= Beginning of Section =

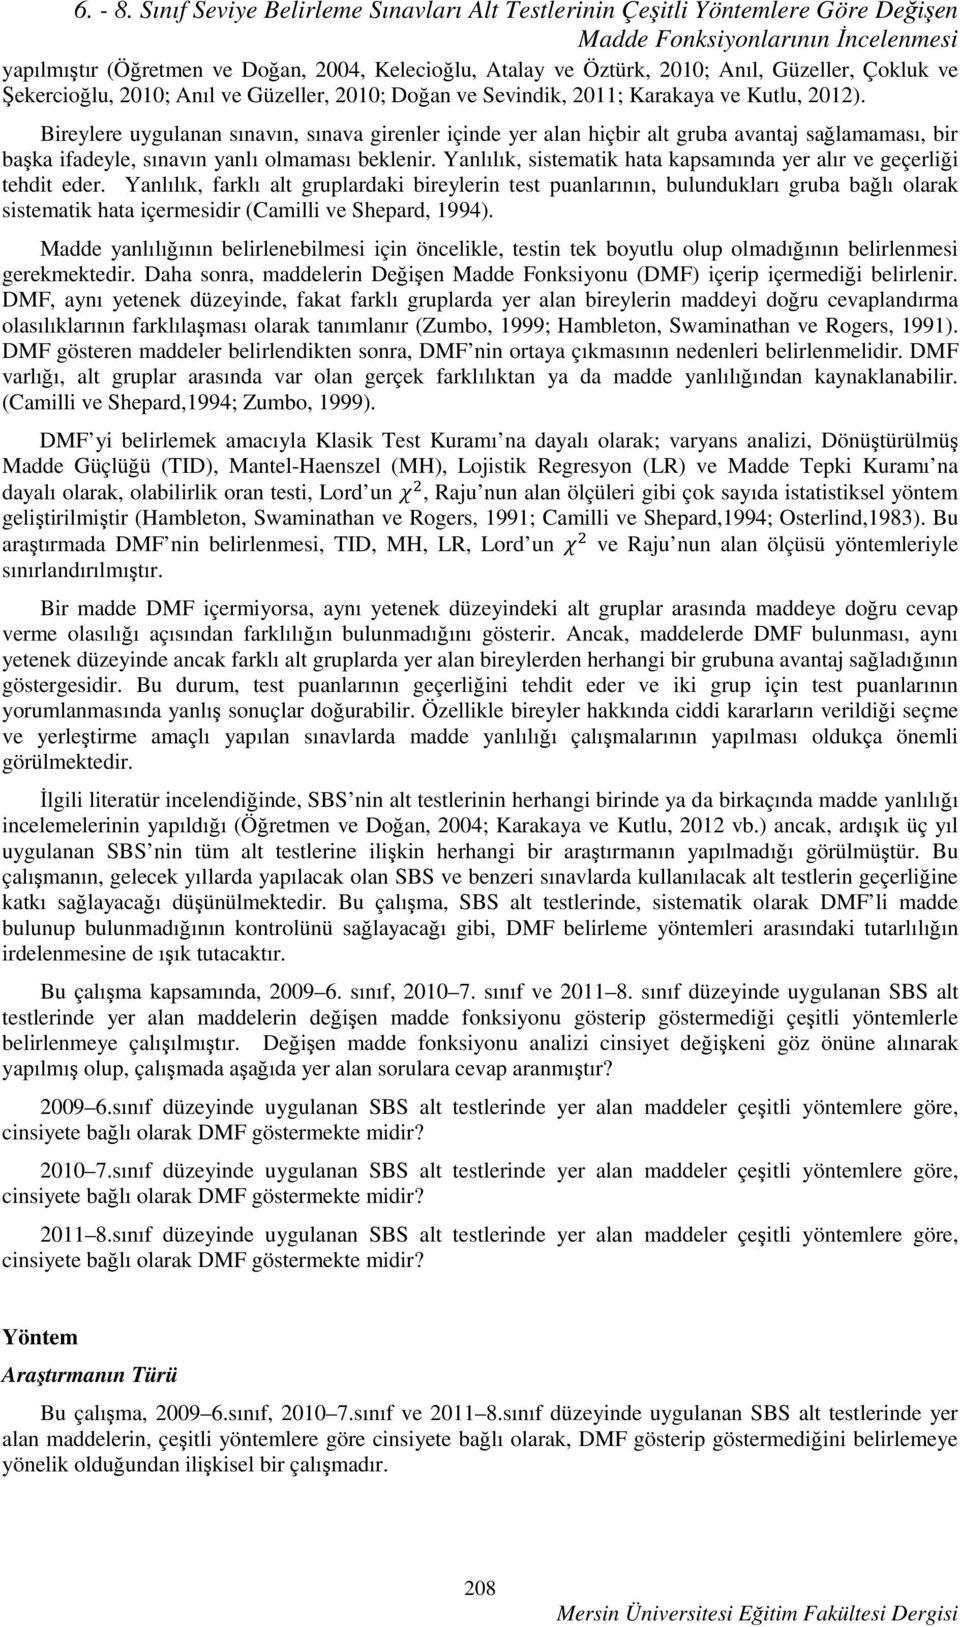 Çokluk ve Şekercioğlu, 2010; Anıl ve Güzeller, 2010; Doğan ve Sevindik, 2011; Karakaya ve Kutlu, 2012).
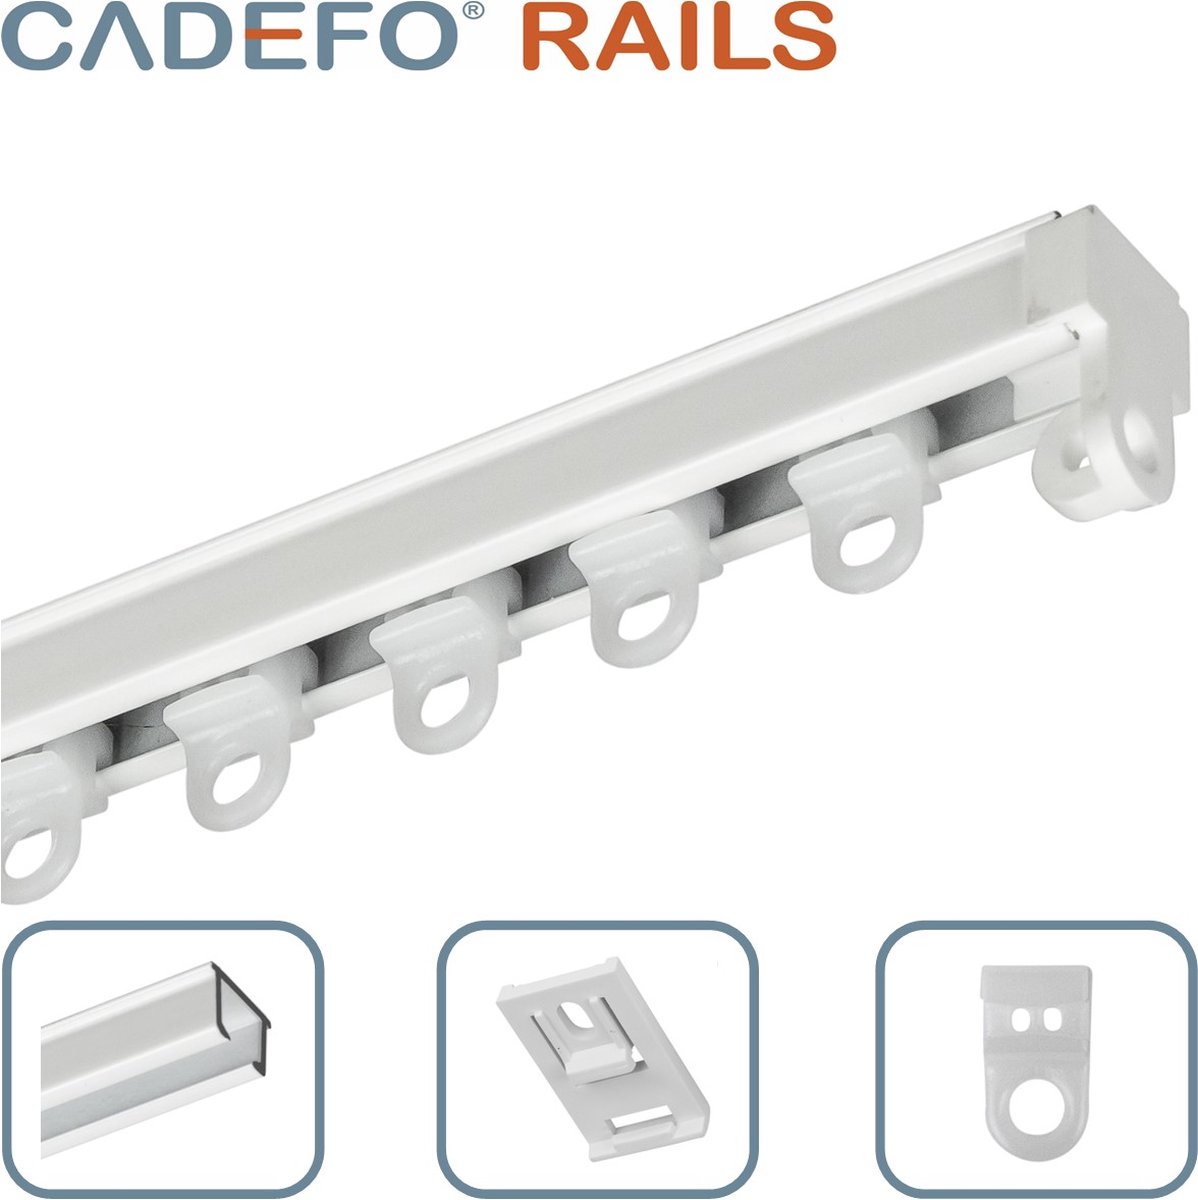 CADEFO RAILS (201 - 250 cm) Gordijnrails - Compleet op maat! - UIT 1 STUK - Leverbaar tot 6 meter - Plafondbevestiging - Lengte 238 cm
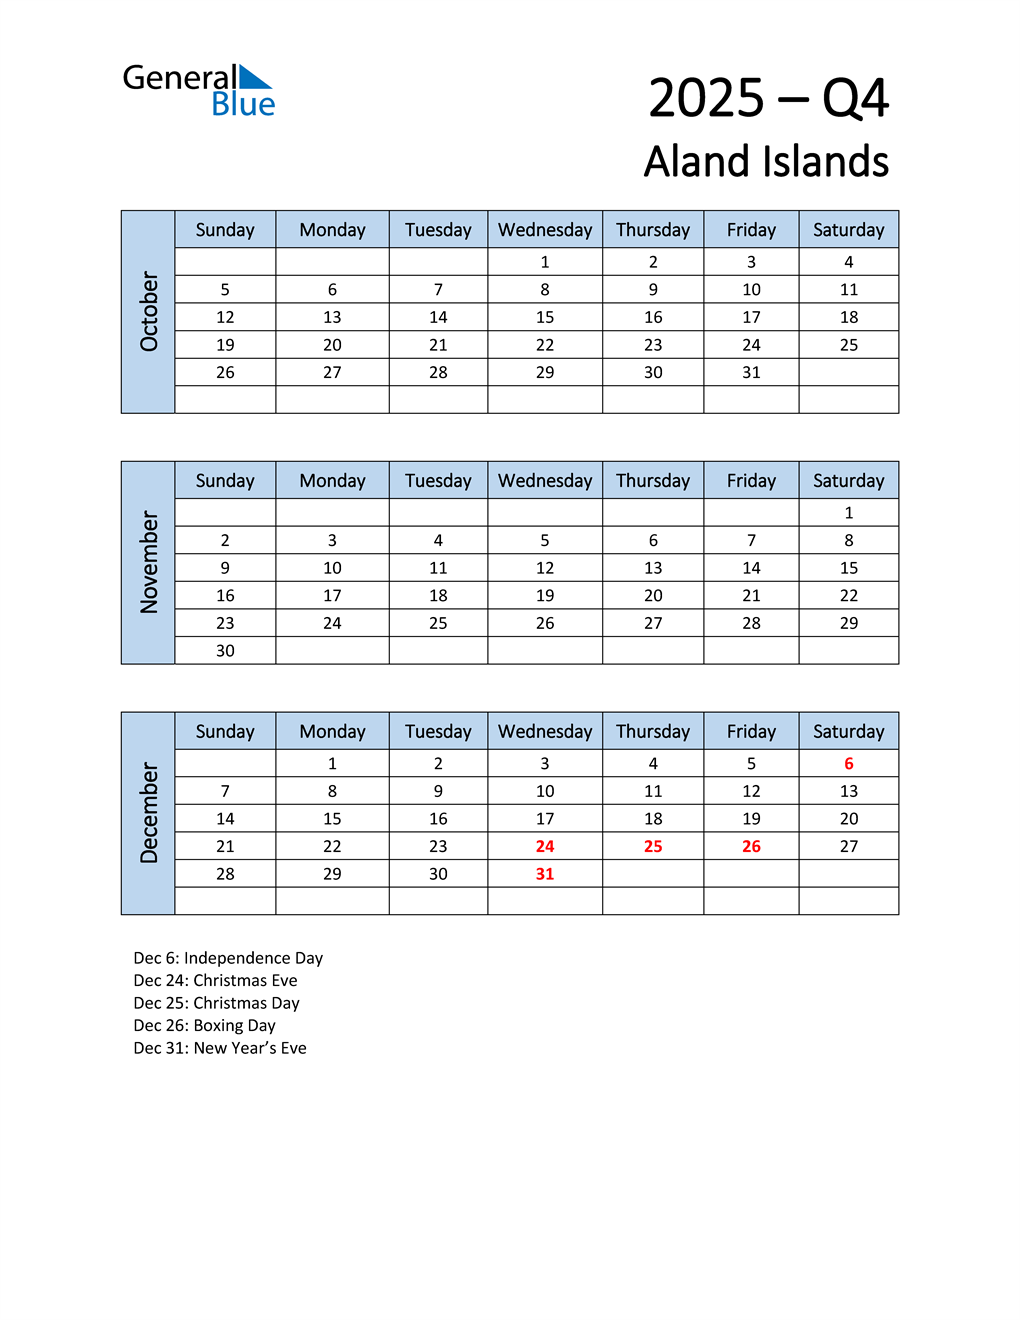  Free Q4 2025 Calendar for Aland Islands
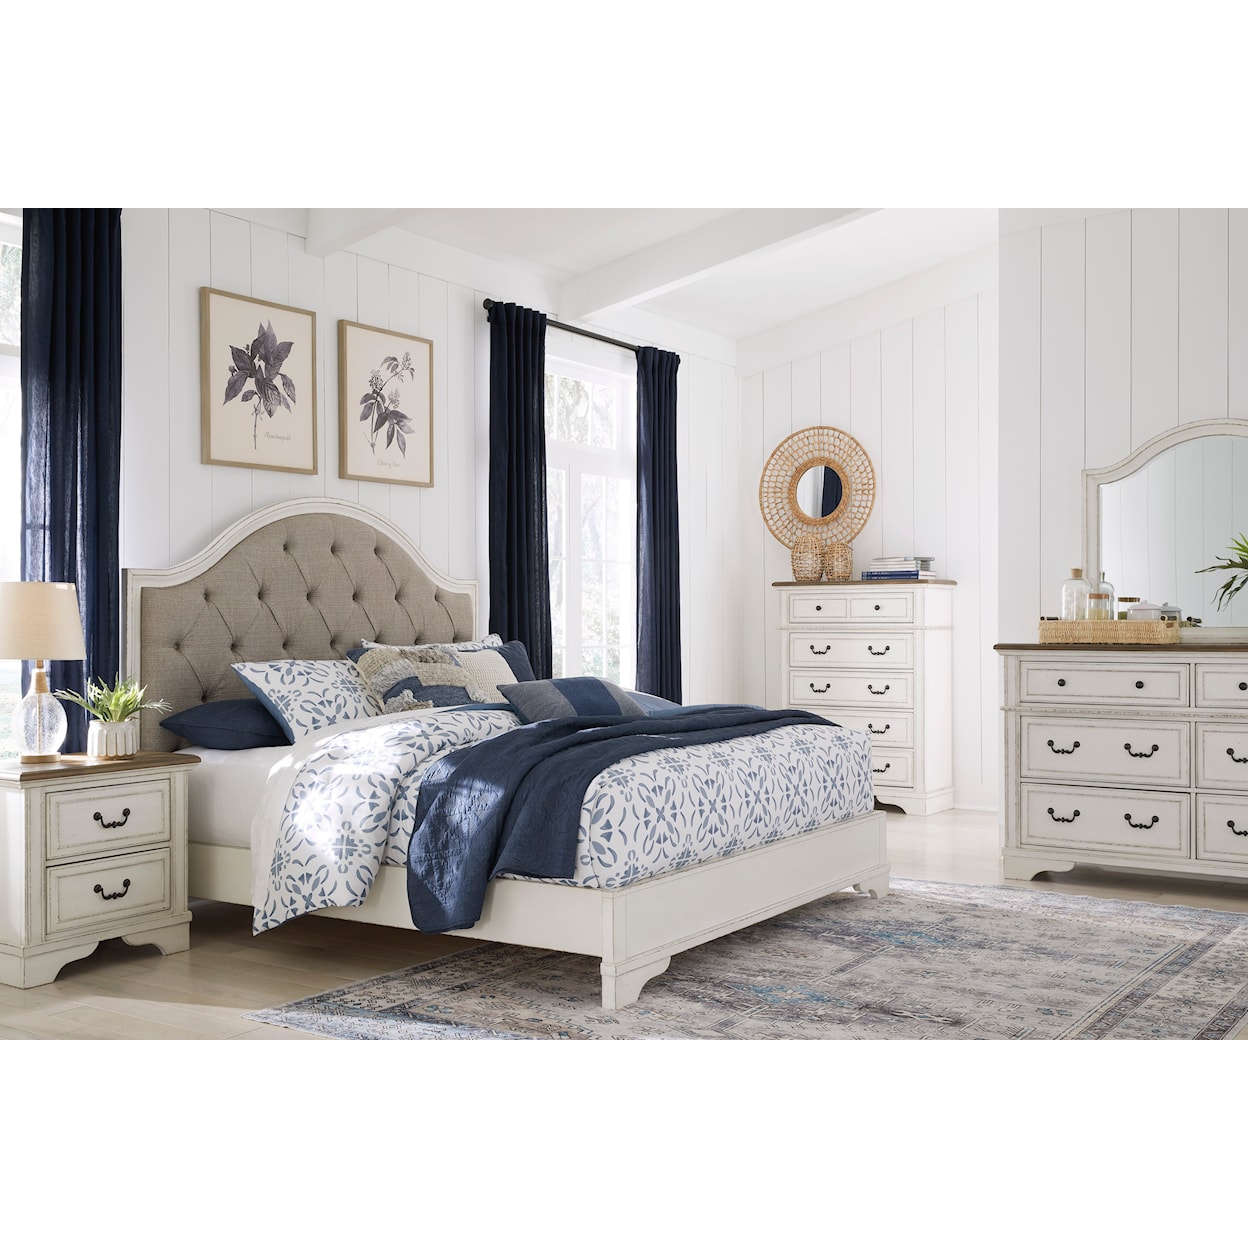 Ashley Furniture Signature Design Brollyn King Bedroom Set

= End of Section =

— Problem description —
From the first line to the last, output the data exactly; skip any pictures.

— Result below —
 Çokluk ve Şekercioğlu, 2010; Anıl ve Güzeller, 2010; Doğan ve Sevindik, 2011; Karakaya ve Kutlu, 2012).
 CADEFO RAILS (201 - 250 cm) Gordijnrails - Compleet op maat! - UIT 1 STUK - Leverbaar tot 6 meter - Plafondbevestiging - Lengte 238 cm
  Free Q4 2025 Calendar for Aland Islands
 Ashley Furniture Signature Design Brollyn King Bedroom Set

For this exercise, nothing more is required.